By now, the storyline ought to be familiar.
Around the globe, leaders in both the private and public sector are clearly besmitten with the amazing power of big data and predictive analytics.
Much has been written so far, with more coming -- two of my favorite pieces are here and here.
In this new hegemony, the ascendant rock star is the data science professional, or -- if you prefer -- the data scientist. Much has also been written about this realtively new and essential caste of knowledge worker -- for example, this piece I did a while ago.
EMC, through our Greenplum division, is "all in" on this fundamental shift on how data is being used to create new insights and new value. That's a rather bold position, as I still routinely encounter people who are still firmly entrenched in the comfortable and familiar world of data warehousing and business reporting, and can't understand what all the fuss might be about.
But I'm not despairing. I meet more than enough people around the globe who are extremly motivated by the unfolding new world of big data, predictive analytics and data science. And these people are likely to be paying close attention to what Greenplum is doing.
From enabling technology to investing in the data science communit Greenplum is among a small handful of vendors actively bringing the future into the here-and-now for so many of our customers.
And with today's announcements, you'll see clear evidence of that strategy in action: more investments towards building the industry's most powerful ecosystem for exploiting big data analytics.
Understanding The Value Drivers In Big Data Analytics
The key value drivers involved with big data analytics appear to be straightforward.
At the core, there's a small team of very valuable (and somewhat expensive) people who work their digital alchemy: extracting deep insight from petabytes of often unstructured and uncorrelated data.
Thus, it makes sense from our perspective to create enabling technology that maximizes the productivity of these critical teams, and that's what Greenplum Chorus is all about.
Using a social collaboration model, Chorus helps data science teams, projects and communities find and share what's important to them: data sets, content, findings, insights, other data scientists and so on.
Put that collaborative environment top of a self-service environment that makes resources and workflows easy to provision and manage, and the story gets better.

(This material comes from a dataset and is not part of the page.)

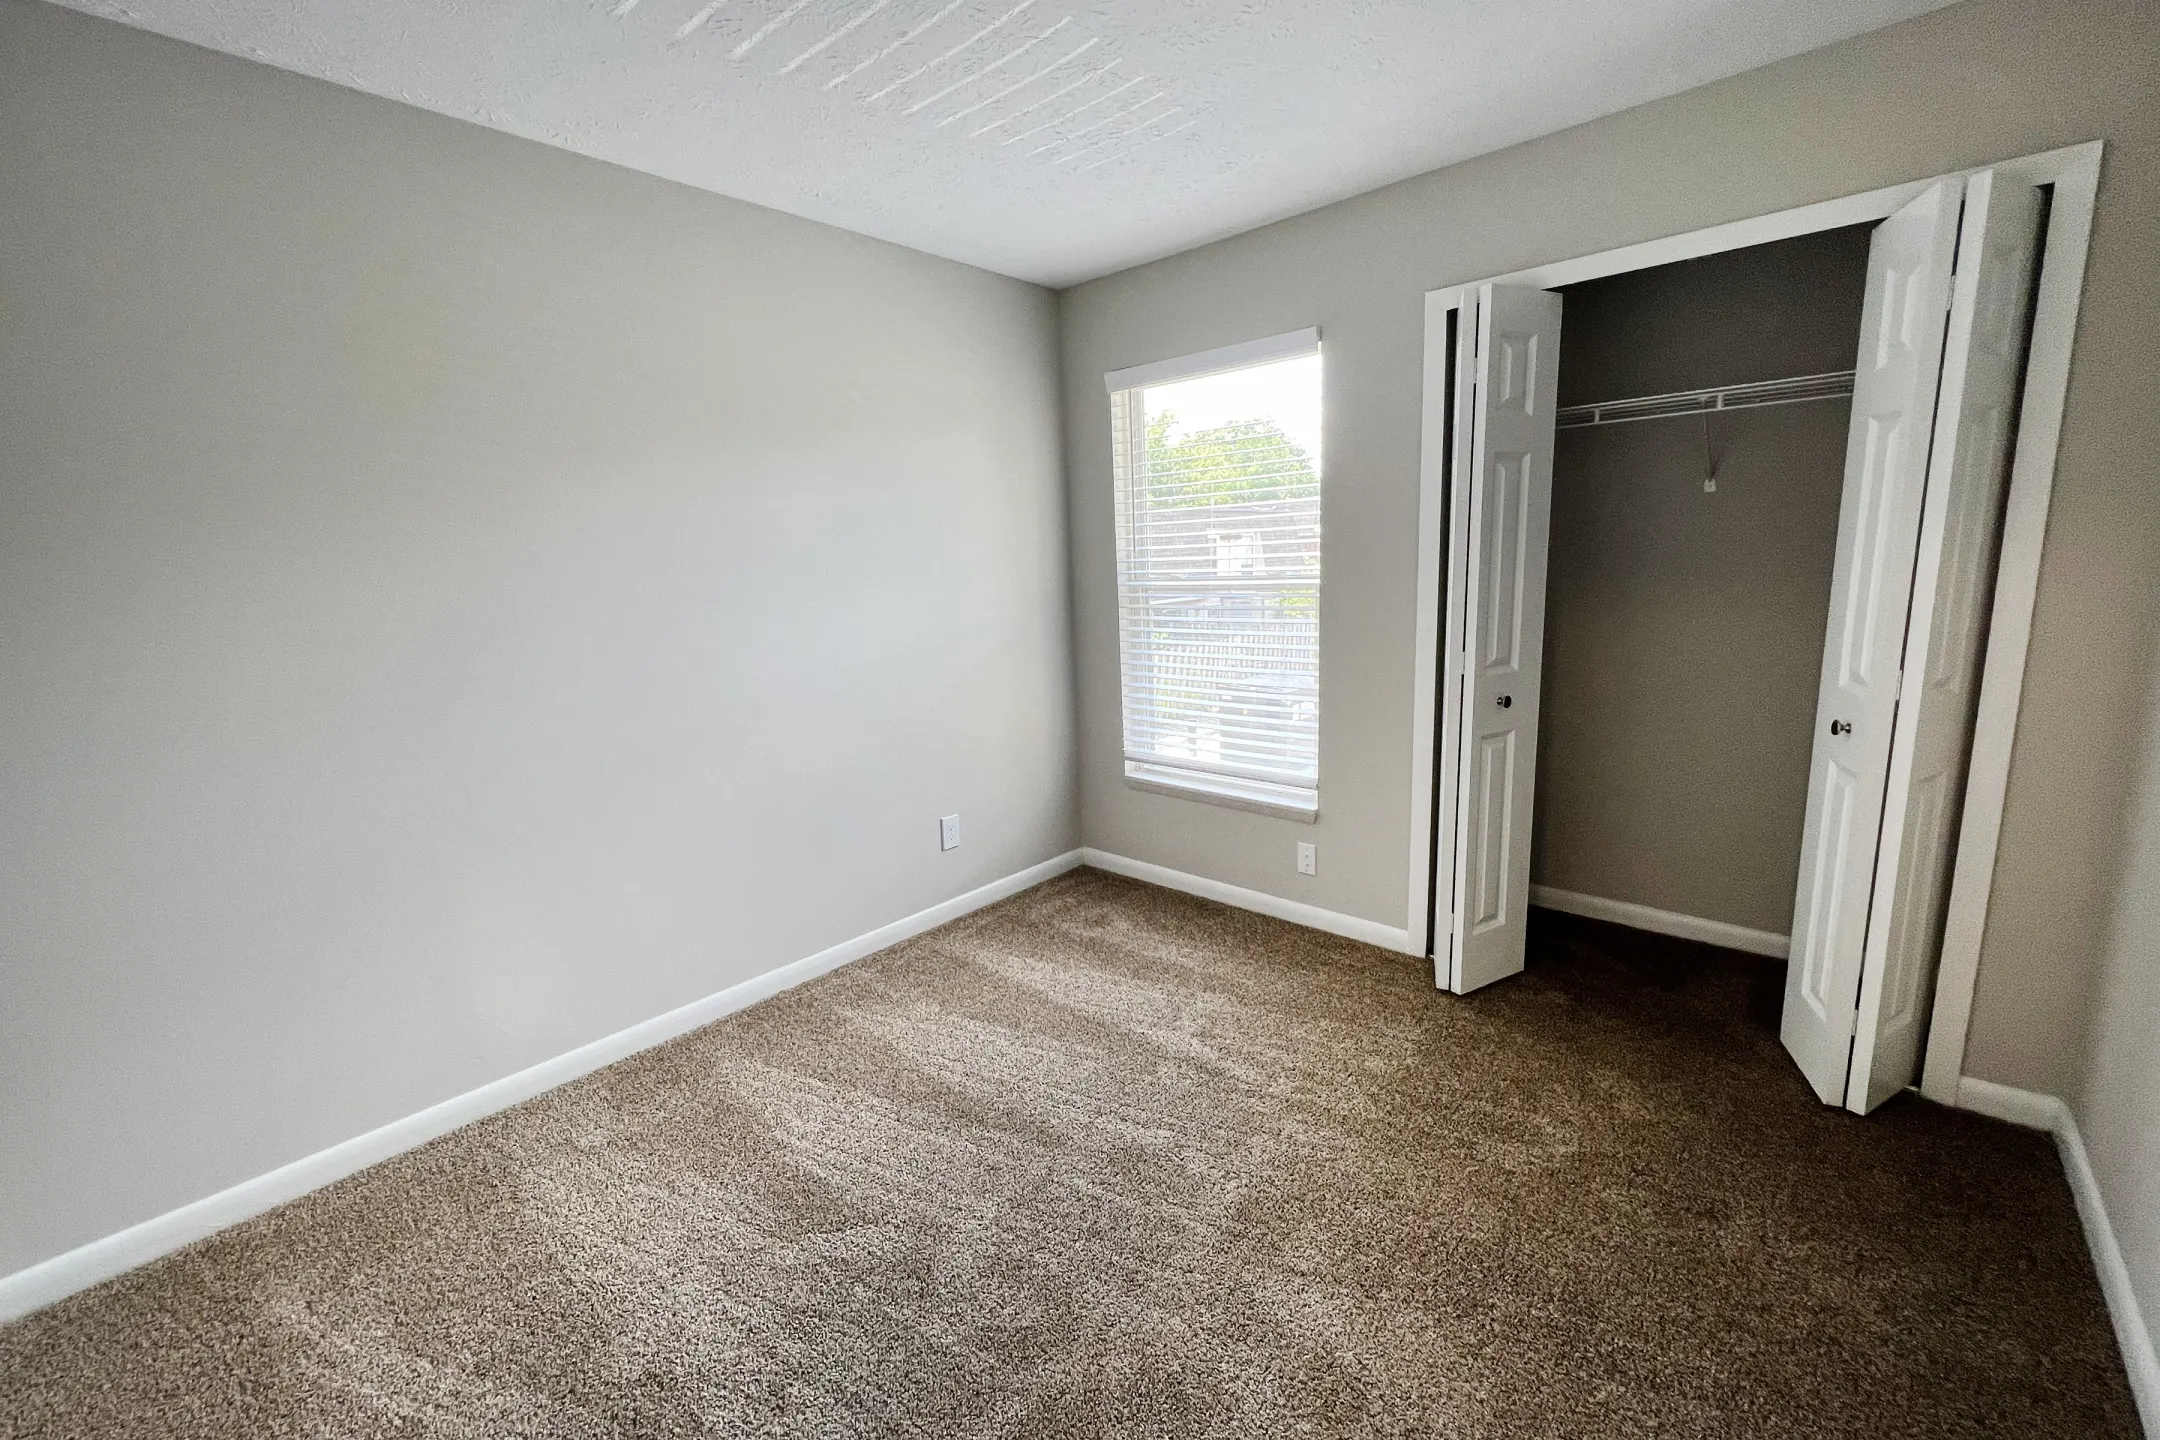 Bedroom - Miamisburg By The Mall - Miamisburg, OH

Support that powerful platform with enterprise Hadoop, the Greenplum database, and any number of analytical tools, and you're starting to get the picture. Add in specialized services (e.g. the Greenplum Analytics Lab) as well as purpose-built infrastructure if needed, and the picture gets even more complete.

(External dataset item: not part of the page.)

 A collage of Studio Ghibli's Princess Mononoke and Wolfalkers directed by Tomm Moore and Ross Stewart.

For the data science teams, they've told us they really like how Greenplum Chorus makes it easier and faster to their unique work: either individually, or -- more importantly -- as part of a team.
With that context, it'll be easier to understand why I think these announcements are so important.

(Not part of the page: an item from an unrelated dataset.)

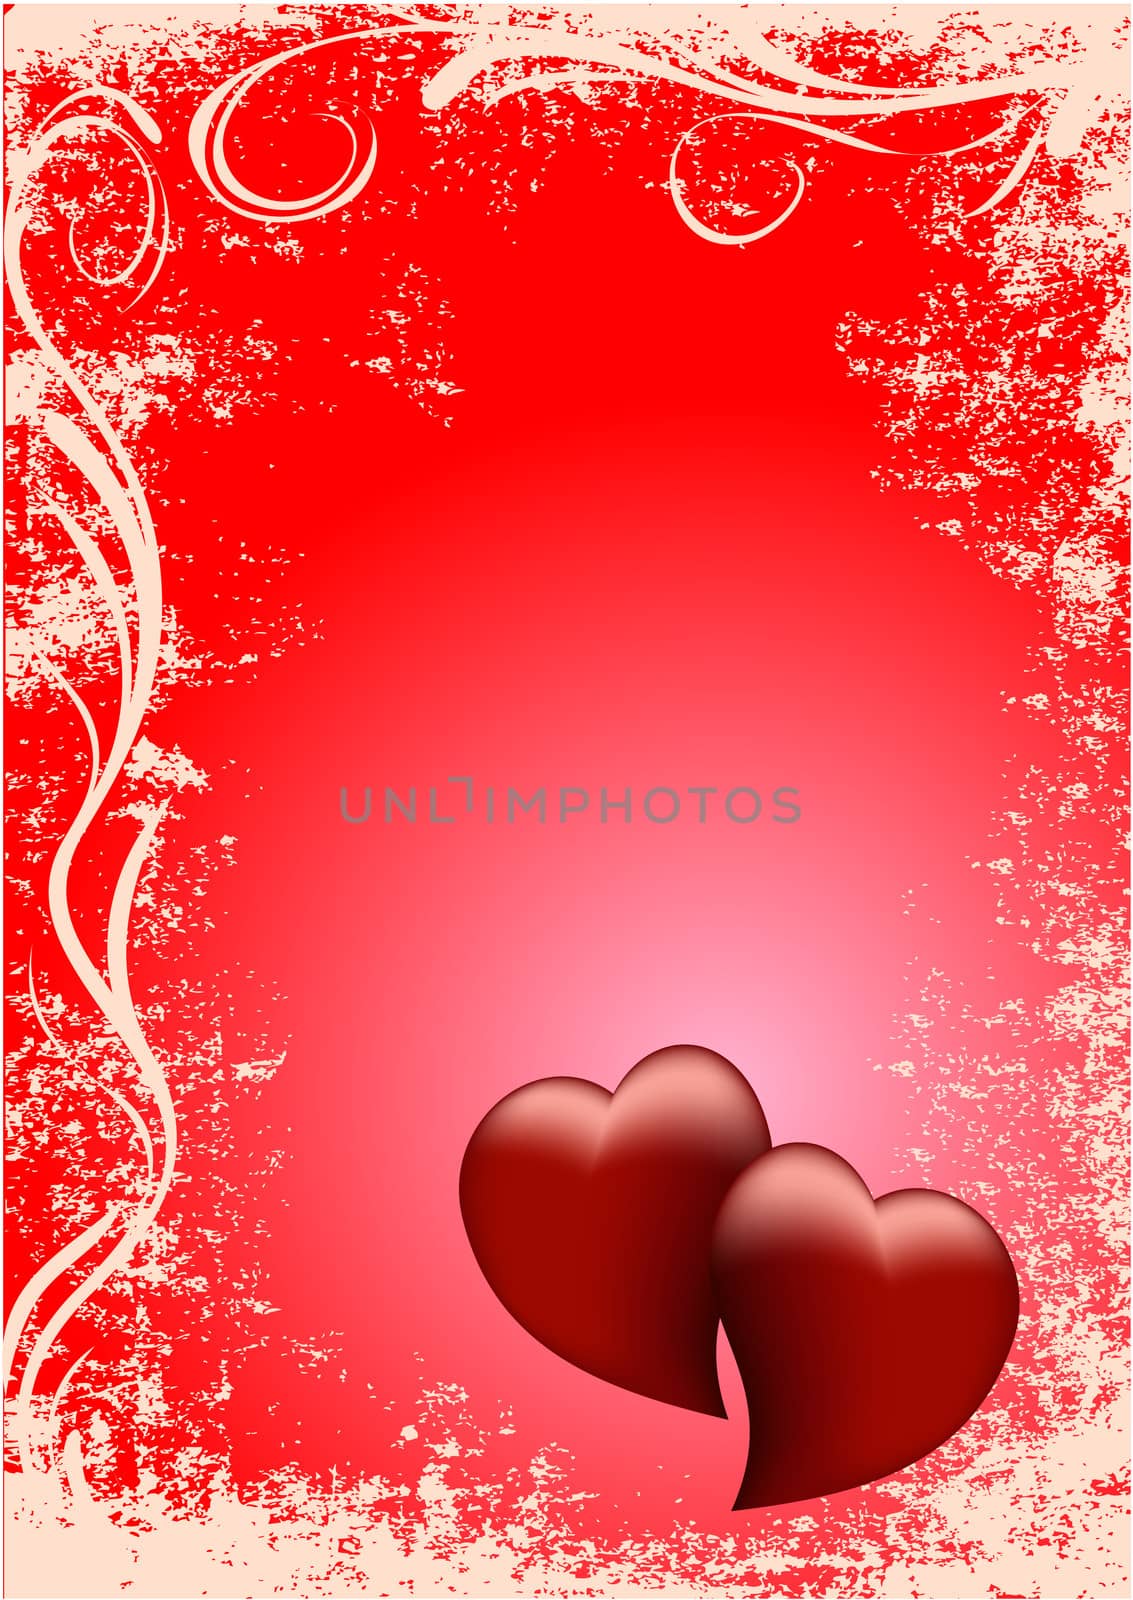 red card in grunge style with two red hearts and vintage ornament

Greenplum Chorus Goes Open Source
That's right: the world's leading collaboration and productivity environment for data science professionals is now open sourced. Before too long, you'll be able to see it for yourself at www.openchorus.org.
Not only will this give you easy access to great technology, you'll also get access to a wonderful community of great people who are using and extending that same technology base.
There are many potential motivators for a vendor to move from a traditional licensed model to an open sourced model. In this case, the motivation was clear: to create an open ecosystem around Chorus.
For example, the list of wonderful proposed enhancements coming from our customers were vastly outstripping the engineering team's finite ability to incorporate and productize effectively. So, in some sense, the open model creates a fast-track for people who want to push the boundaries of what Chorus can do by building on what we’ve already done internally.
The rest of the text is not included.